I'd like to counter some of your points in your response.
- "The only time cards sale for max value is when someone has bought currency from a third party website and is selling a card at max value to redeem the purchased currency."
- Response: This statement states that the "only time a car sells for Max value is when someone has bought currency from a third party, which assumes that one cannot sell a card within EA's own Auction house infrastructure without a third party transaction. This is a false statement of fact. While it is possible for this to occur, it can not and is not the "only" way a card can sell for max value. To apply that to every max vlaue sale would result in any user that has made a max sale being a TOS abuser... which is ridiculous on its face.
- Auction house cards sell based off a multitude of factors such as: timing of posting to Auction house, search filters or lack thereof, supply/demand, perceived subjective value, youtube/forum discussions regarding must have cards, and aesthetic of actionable card art that would trigger a user to desire that card regardless of its actuall abilities or in game effect, to name a few.
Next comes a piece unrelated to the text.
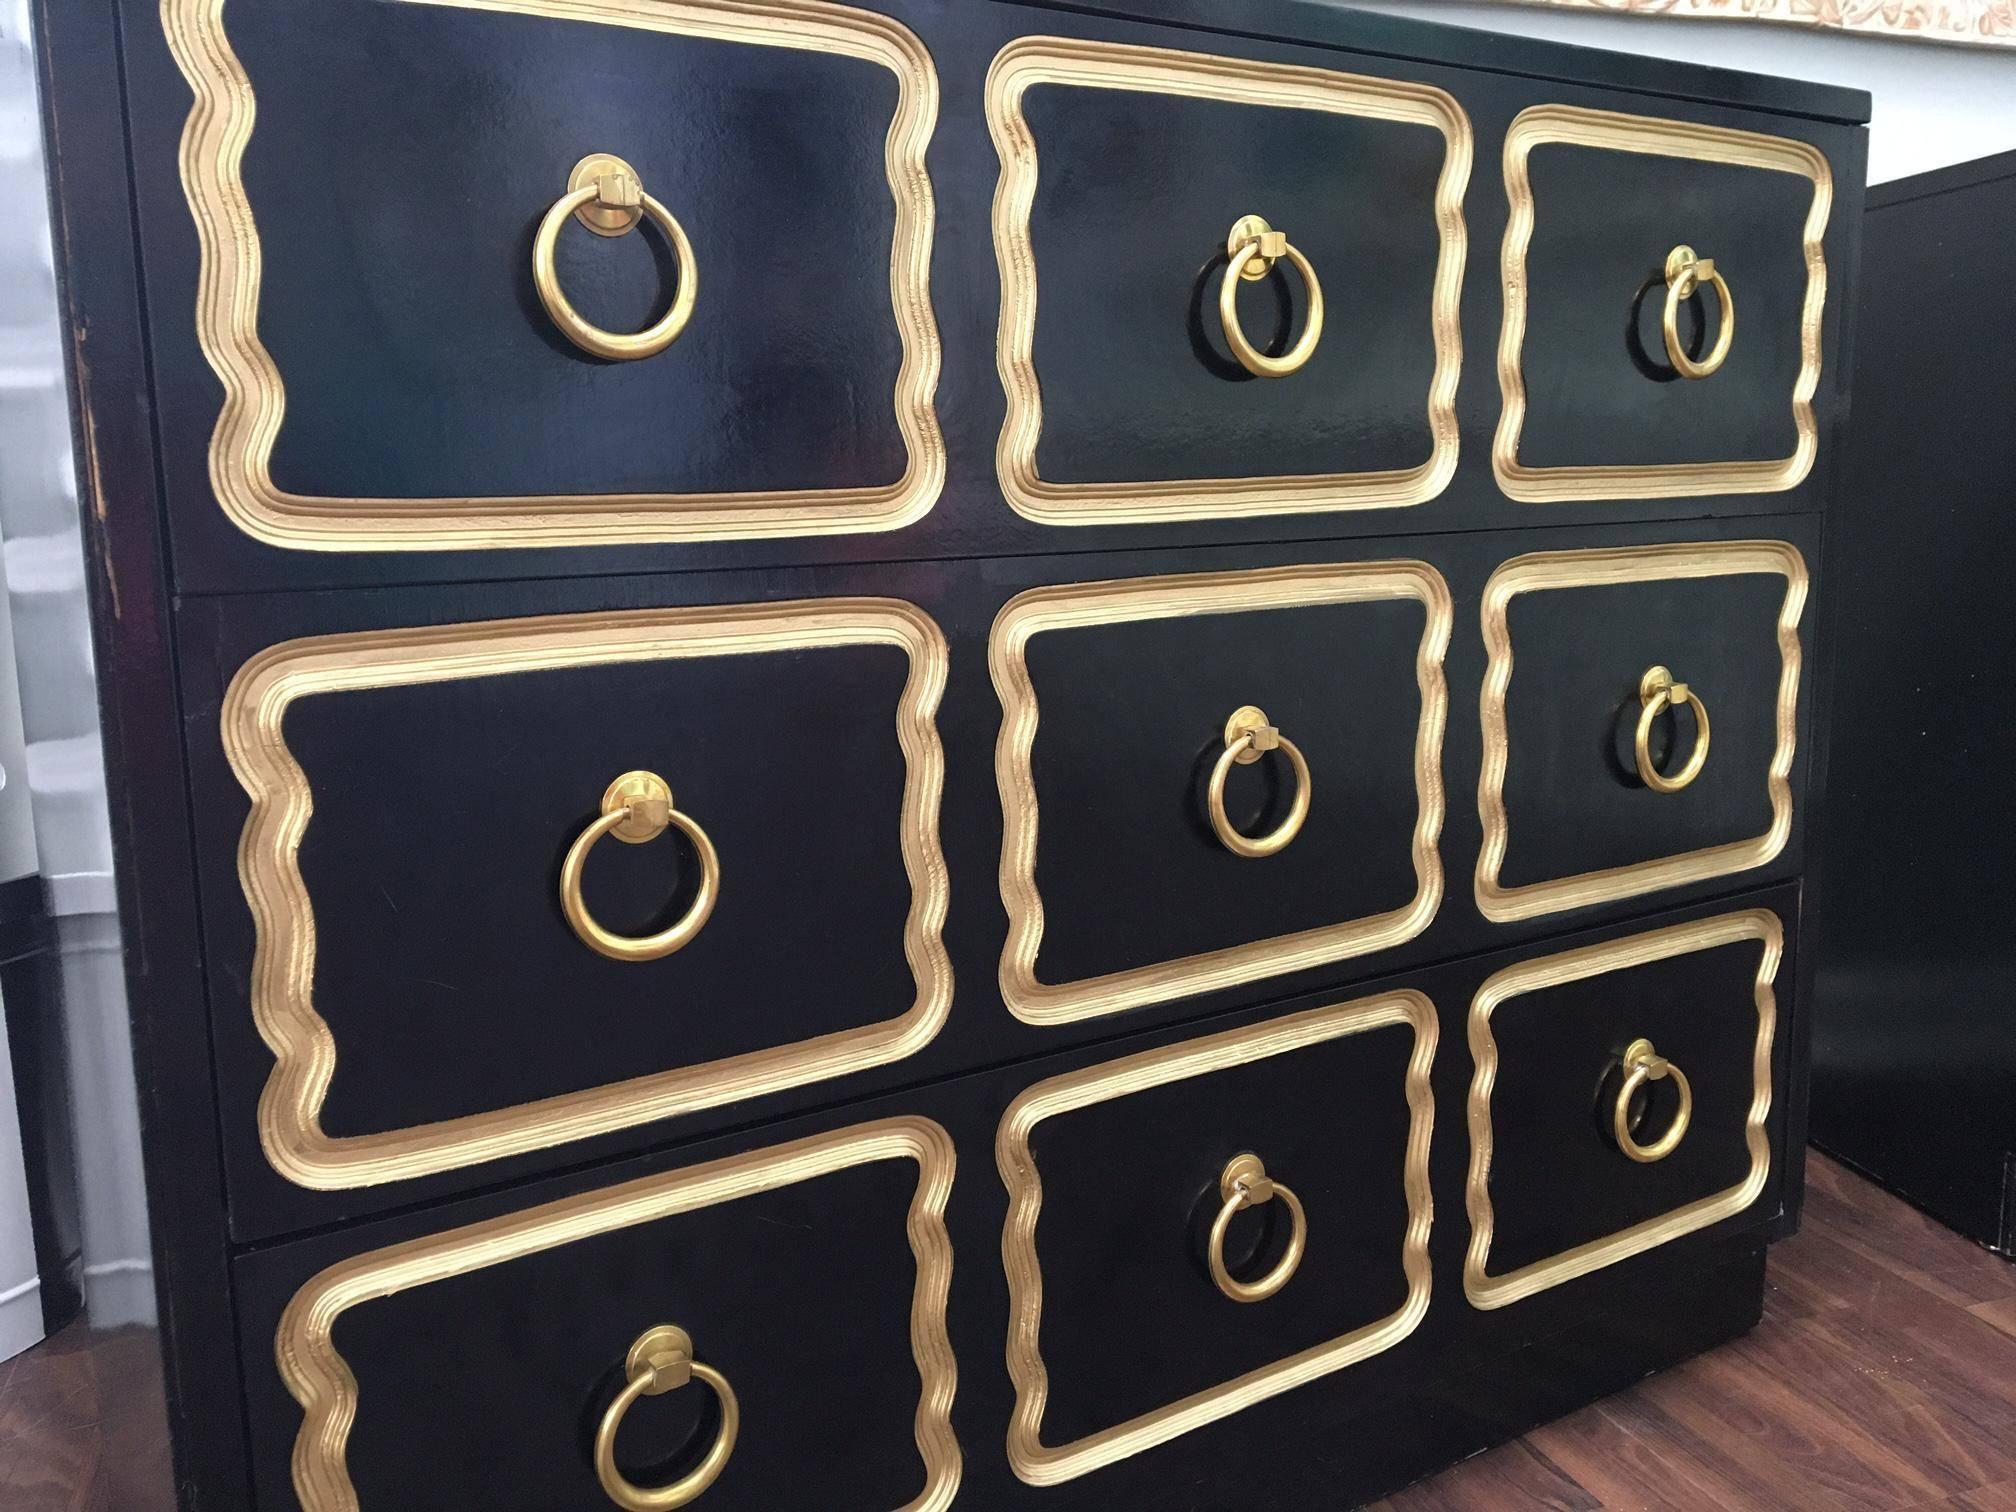 Pair of matching Dorothy Draper style Espana dressers in the iconic black with gold trim. Features brass hardware and dovetail jointed drawers. Good vintage condition consistent with age. 
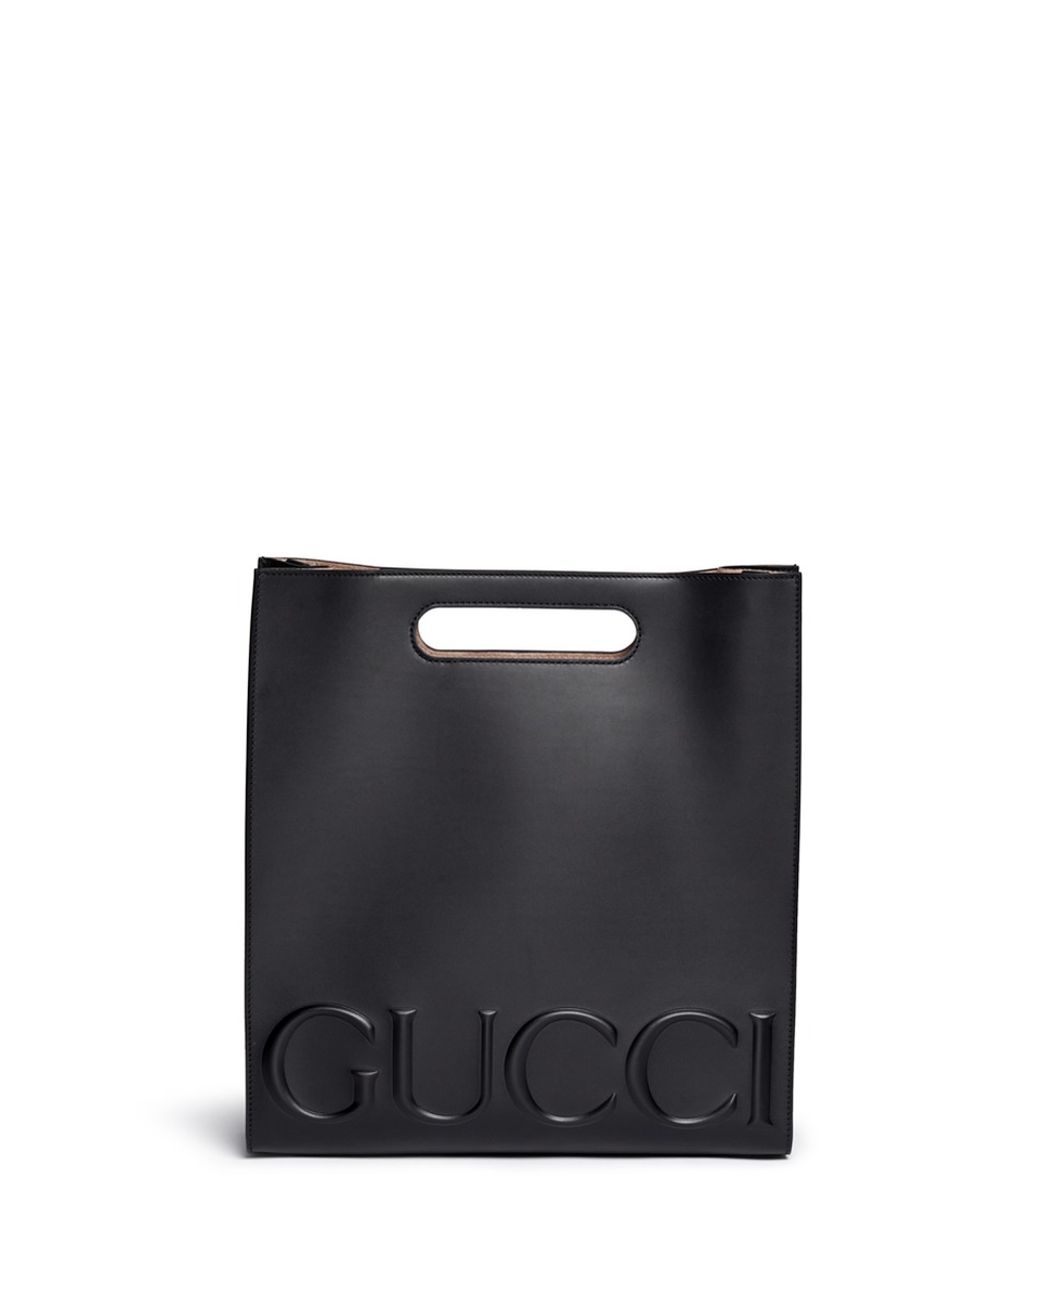 Gucci ' Xl' Large Logo Embossed Tote in Black

- If pricing cards within EA's own Max value limitations is against EA policy than EA should not have a Auction house for any users or lower the max value for all users to whatever they deem should be the max.
- To arbitrarily apply a blanket procedure that flags ALL card sellers that have made a max value card sale (and not just tos abusers like currency sellers) as a TOS sanctionable or banable offenses is bad business practice that unnecessarily punishes players who use the EA's own in-game infrastructure to advance within a game that is otherwise heavily promoting and encouraging micro transaction as the quick, easy, and rewarding method to improve ones team through RNG based gambling pack acquisition.
- A thorough review of both the seller of a max value card and purchaser should take place immediately subsequent to any alleged violation in order to determine if there was actually an offense or if it was just normal use of the Auction house. EA cannot label proficient Auctioneers as TOS abusers. No one wants actual TOS abusers in games as it ruins the overall product for everyone else. But again, without proof evidencing currency resale in exchange for IRL-currency EA is making baseless and fruitless sanctions and bans. Users who invest their time and energy into stocking up in game currency that i slater seized erroneously is akin to theft.
- Furthermore, once honest tos abiding users are erroneously banned from use of the Auction House EA is provided with a higher likelihood that the user will fork over real life currency in order to interact with the game at or near the same level of competition.
- To be clear, EA should ban all third-party currency resellers. EA should NOT and cannot erroneously and without actual evidence ban players like those within tis "Answers HQ" that have invested time and energy into understanding and selling cards within the auction house simply because their proficiency in doing so results in the user not needing to make micro transactions. Funny how after a ban users can only interact with newly added cards is through micro transactions or gambling based packs, as opposed to saving up your in game currency for that card you really want. Simply, EA appears based off of these facts to squash any user who is good at listing cards and making profits within EA's own infrastructure.